Think he might be mixing up Suhr and Anderson. Tom Anderson worked at Schecter before starting his own company. John Suhr worked for Fender I believe.


----------



## XeoFLCL (Oct 27, 2014)

Please, somebody help me

The Ibanez fandom in me is waning in favor of this new schecter 

Once a price is announced and if the necks are anything near the wizard necks that might decide my fate. Maybe someone can answer the latter question for me? I really don't know too much about anything schecter other than the last one I owned 4 years ago was something akin to holding a baseball bat 

EDIT: I clicked the ebay link I somehow missed.. Yeah, I might be in trouble, ESPECIALLY because of the included pickups.. How the hell


----------



## Zado (Oct 28, 2014)

XeoFLCL said:


> Please, somebody help me
> 
> The Ibanez fandom in me is waning in favor of this new schecter
> 
> ...



Schecter necks nowadays are nothing like the past ones,very nicely shaped and slim,you can count on that


----------



## Tom Drinkwater (Oct 28, 2014)

It's a toss up between the Banshee and.............

Guitars : Solo-6 Cheech and Chong


----------



## Zado (Oct 28, 2014)

You better wait for the new catalog,there are tons of very promising new stuff incoming


----------



## albertc (Oct 28, 2014)

is that a semihollow 12 string tempest? Sweet jesus. Also I hope that natural one is a solo-6 ii


----------



## TauSigmaNova (Oct 28, 2014)

The natural one under the tempest might be an Avenger. The second might be a solo ii


----------



## Konfyouzd (Oct 28, 2014)

Oh look... I just saw Schecter on my radar again...


----------



## Promit (Oct 28, 2014)

Interesting, so they're moving to thru-neck instead of set-neck? And what's with the Dimarzio style hex-pole pickups?


----------



## HeHasTheJazzHands (Oct 28, 2014)

Promit said:


> Interesting, so they're moving to thru-neck instead of set-neck? And what's with the Dimarzio style hex-pole pickups?



They've always had neck through. The Hellraiser Extreme and Dan Donnegan sig come to mind. And I don't think they're moving away from set neck, just releasing this to appeal to the RGT fans. 

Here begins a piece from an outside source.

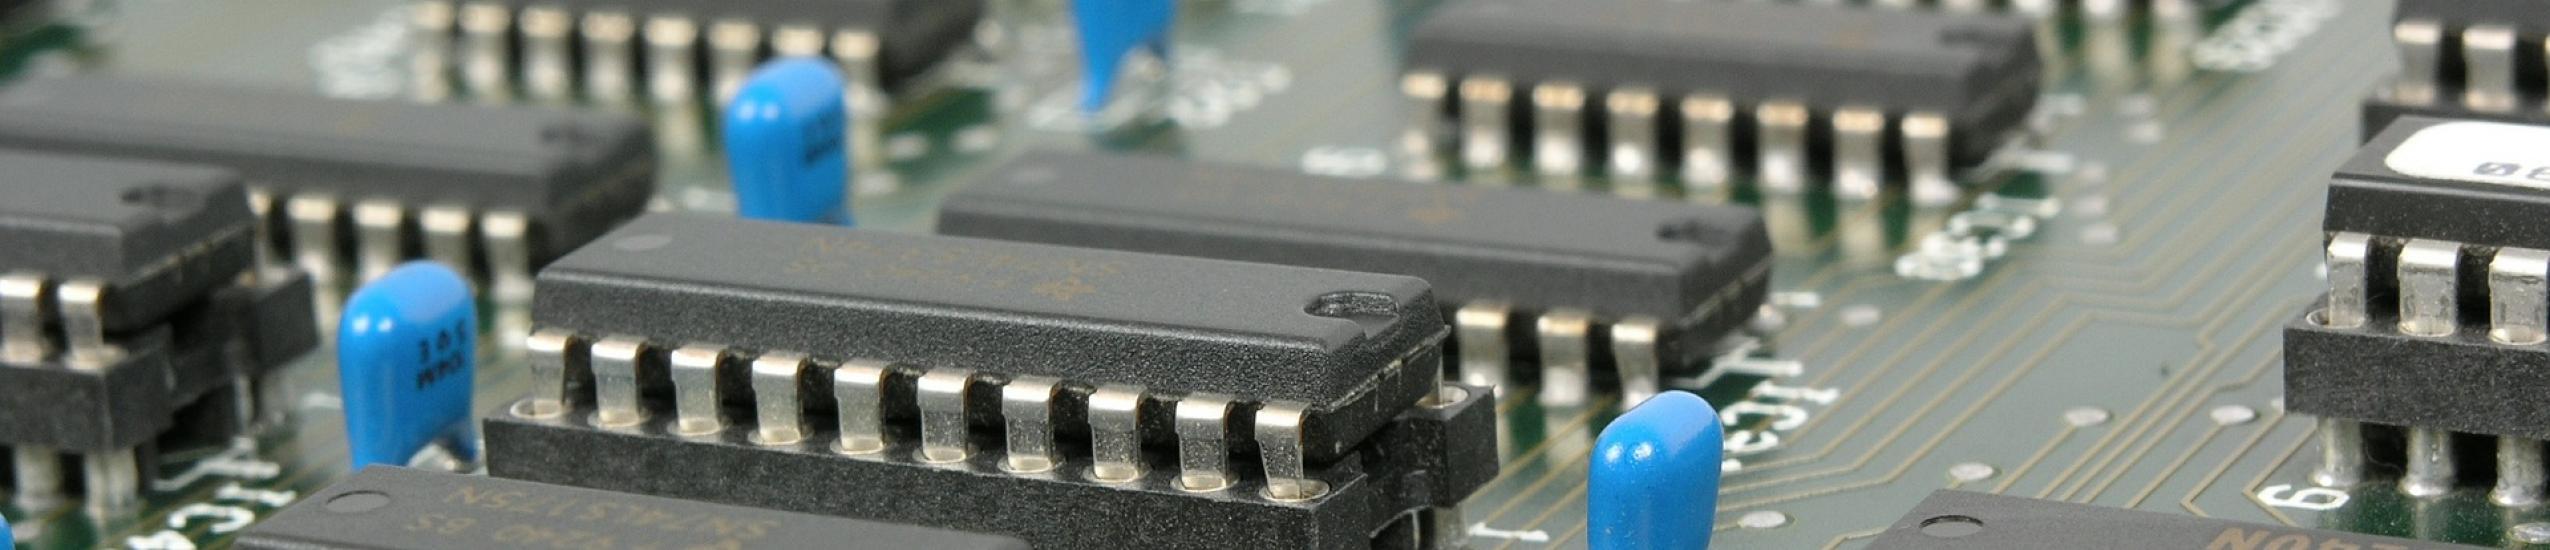 Istruzione e formazione professionale » Operatore elettronico

Also, those are Schecter pickups. They have a new pickup model with hex polepieces.


----------



## Konfyouzd (Oct 28, 2014)

TauSigmaNova said:


> The natural one under the tempest might be an Avenger. The second might be a solo ii



Don't be sayin' shit like that. Now if it isn't I'm just gonna be all kinds of disappointed.


----------



## HeHasTheJazzHands (Nov 3, 2014)




----------



## Zado (Nov 3, 2014)

Life is marvellous.


----------



## HeHasTheJazzHands (Nov 3, 2014)

REALLY hope that's how the final version looks. 

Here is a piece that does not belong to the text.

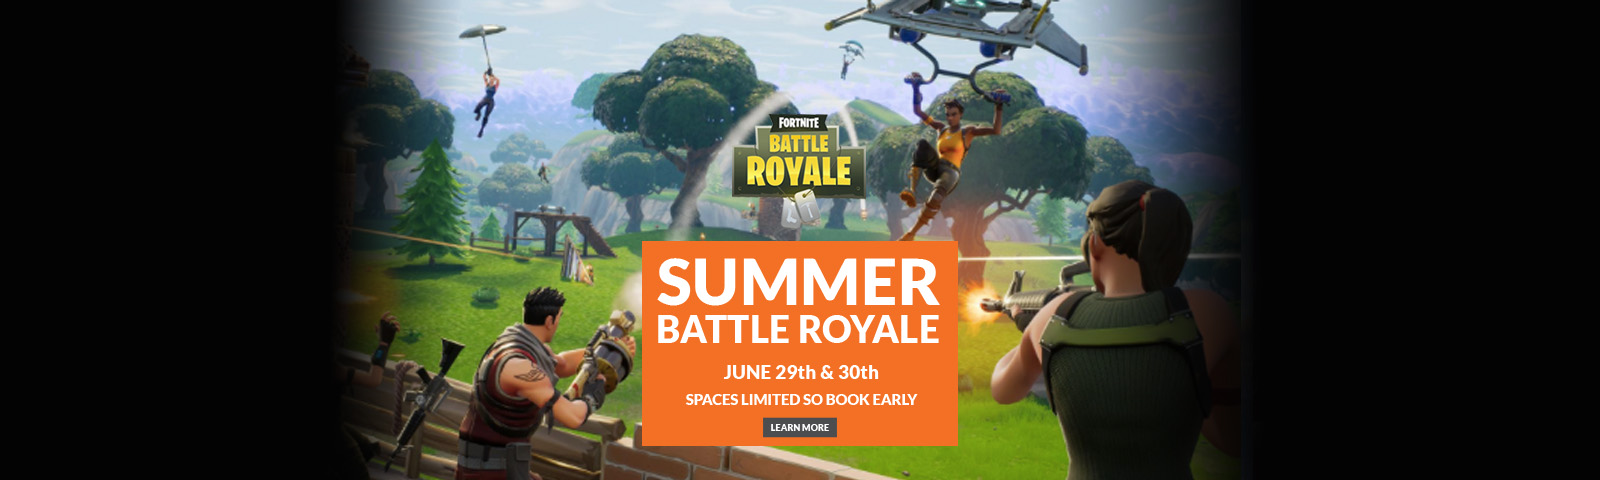 2-final-SUMMER-2019-Battle-Royale_slider

Would be like the RGT rising through the ashes... and ending up in Schecter HQ.


----------



## Zado (Nov 3, 2014)

One can stop having Jcraft wet dreams with this one incoming


----------



## Konfyouzd (Nov 3, 2014)

I knew it... That guitar does look nice too, though.


----------



## Konfyouzd (Nov 3, 2014)

HeHasTheJazzHands said:


> REALLY hope that's how the final version looks.
> 
> Would be like the RGT rising through the ashes... and ending up in Schecter HQ.



Did they really sell that poorly with Ibanez? I always wondered why there wreren't more of them then they randomly come out with that Iron Label one.


----------



## Jake (Nov 3, 2014)

Needs less knobs and switches 

Volume knob only master race lmao


----------



## HeHasTheJazzHands (Nov 3, 2014)

If you didn't have those switches, the sustainiac would be pretty useless.


----------



## Jake (Nov 3, 2014)

Oops didn't even notice that guy in the neck, carry on Schecter 

Still keeping my eye on these guys and weighing the RG652 against one


----------



## Zado (Nov 3, 2014)

If the EU price will be under 1300-1400&#8364; this is gonna be damn interesting.I've got very few hopes for that though


----------



## BucketheadRules (Nov 3, 2014)

HeHasTheJazzHands said:


>



Jesus Jesus Jesus Jesus Jesus Jesus


----------



## Zado (Nov 6, 2014)

they are teasing...


----------



## HeHasTheJazzHands (Nov 6, 2014)




----------



## Zado (Nov 15, 2014)

Some other nice protos here
http://www.sevenstring.org/forum/se...els-leaks-less-abalone-more-hipshots-109.html


----------



## ToneLab (Nov 16, 2014)

Damn Schecter is on it


----------



## HighGain510 (Nov 17, 2014)

The amber one with the Floyd?



















 Interesting though, it's all swamp ash, you can see the faux binding is just taped off ash and the top is a super thin veneer. Not that it's necessarily a bad thing, just interesting that they didn't put a plain maple cap under the figured veneer. I've seen some Japanese Schecter stuff that was like that, all ash with the binding just taped off and left clear.  I dig that one a lot though, the inlays look cool too!


----------



## Zado (Nov 17, 2014)

Another interestin proto


----------



## GRIZ (Nov 17, 2014)

love the one with the maple board and offset dots!


----------



## JustMac (Nov 21, 2014)

Konfyouzd said:


> Did they really sell that poorly with Ibanez? I always wondered why there wreren't more of them then they randomly come out with that Iron Label one.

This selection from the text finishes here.